Mission to Mars 4


 Mining Base 262 (aka New Belize) Ganymede

“So what’s the big news?” Kia asked impatiently. “I’ve got homework to do.”

Or, you know, “homework”.

“Yeah, what is it?” asked Uri.

Martin sat next to his siblings on the couch and crossed his arms. Whatever it was, it was not good. He knew by the way his parents smiled childishly. They were excited about something, and that was never a good sign.

“We’ve done a lot of praying,” said Mom, “and we’ve come to a decision.”

Uh-oh. Praying. Another bad sign.

“Decision about what?!” cried Uri.

“Uri, indoor voice,” Dad snapped. “You know about all the poverty and fighting in the Martian colonies.”

The siblings nodded. It was common knowledge that Mars was the dumpster of the solar system. They had all heard the stories about roaming street gangs, starvation, lawlessness, and anarchy. 

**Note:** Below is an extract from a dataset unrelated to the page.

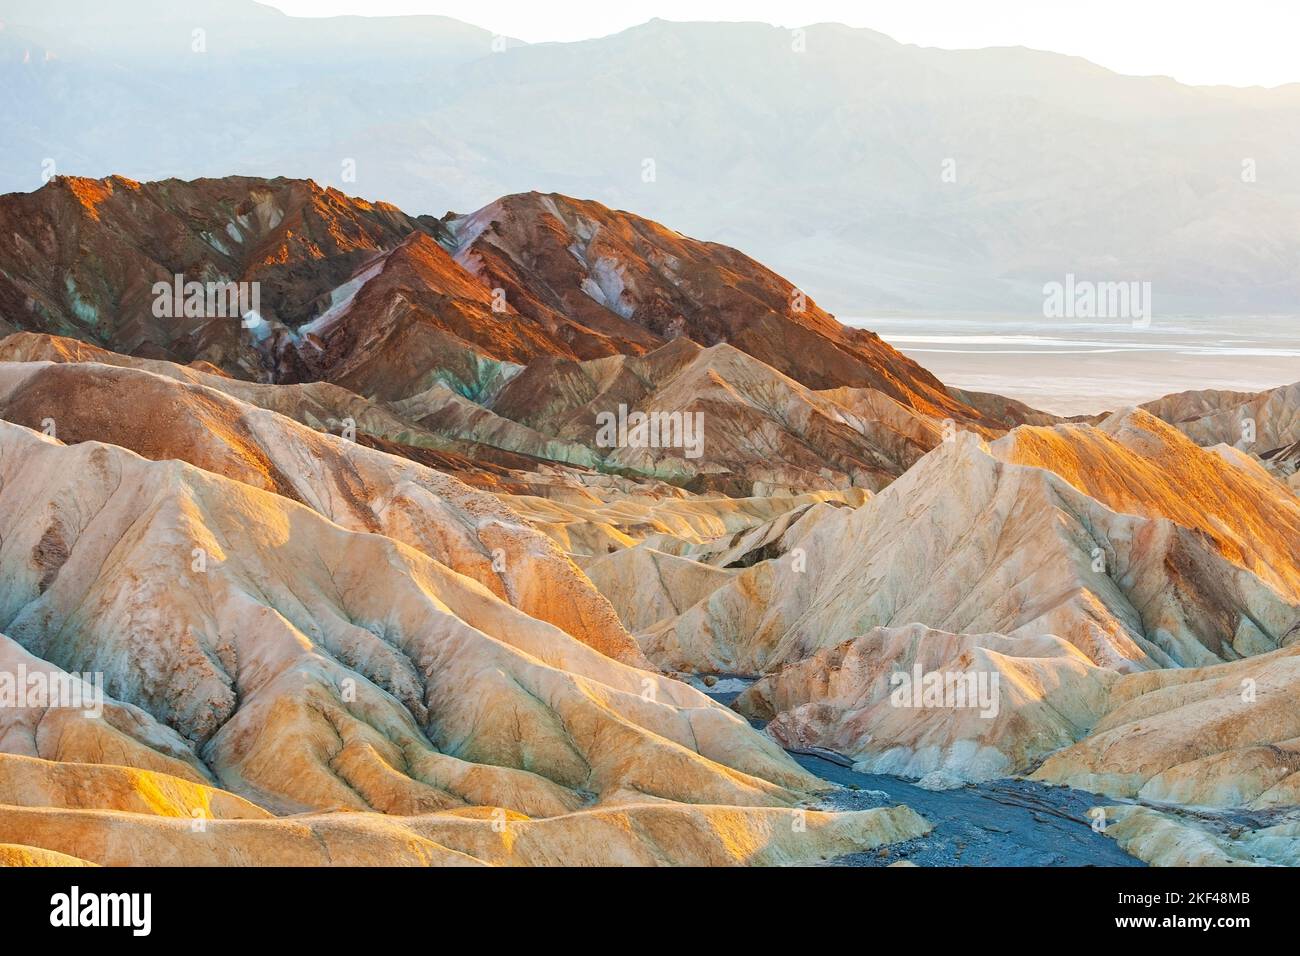 Farbige Gesteinsformationen im Abendlicht am Zabriskie Point, Zabriske Point, Death Valley Nationalpark, USA, Nordamerika Foto Stock

“What about it?” Kia asked.

“We were thinking about becoming missionaries there. We feel called to go.”

“Missionaries?” Uri asked.

“When are you going?” Kia asked.

“Actually,” said Mom, “we want to move there. Live there.”

“Okay,” said Kia, smirking. “See you, bye now.”

“And we want you to come with us.”

Martin could barely believe his ears. “What?!”

“I know how it sounds,” said Dad. “But this is something we’ve been thinking about for years. You know that. This isn’t something we decided on a whim.”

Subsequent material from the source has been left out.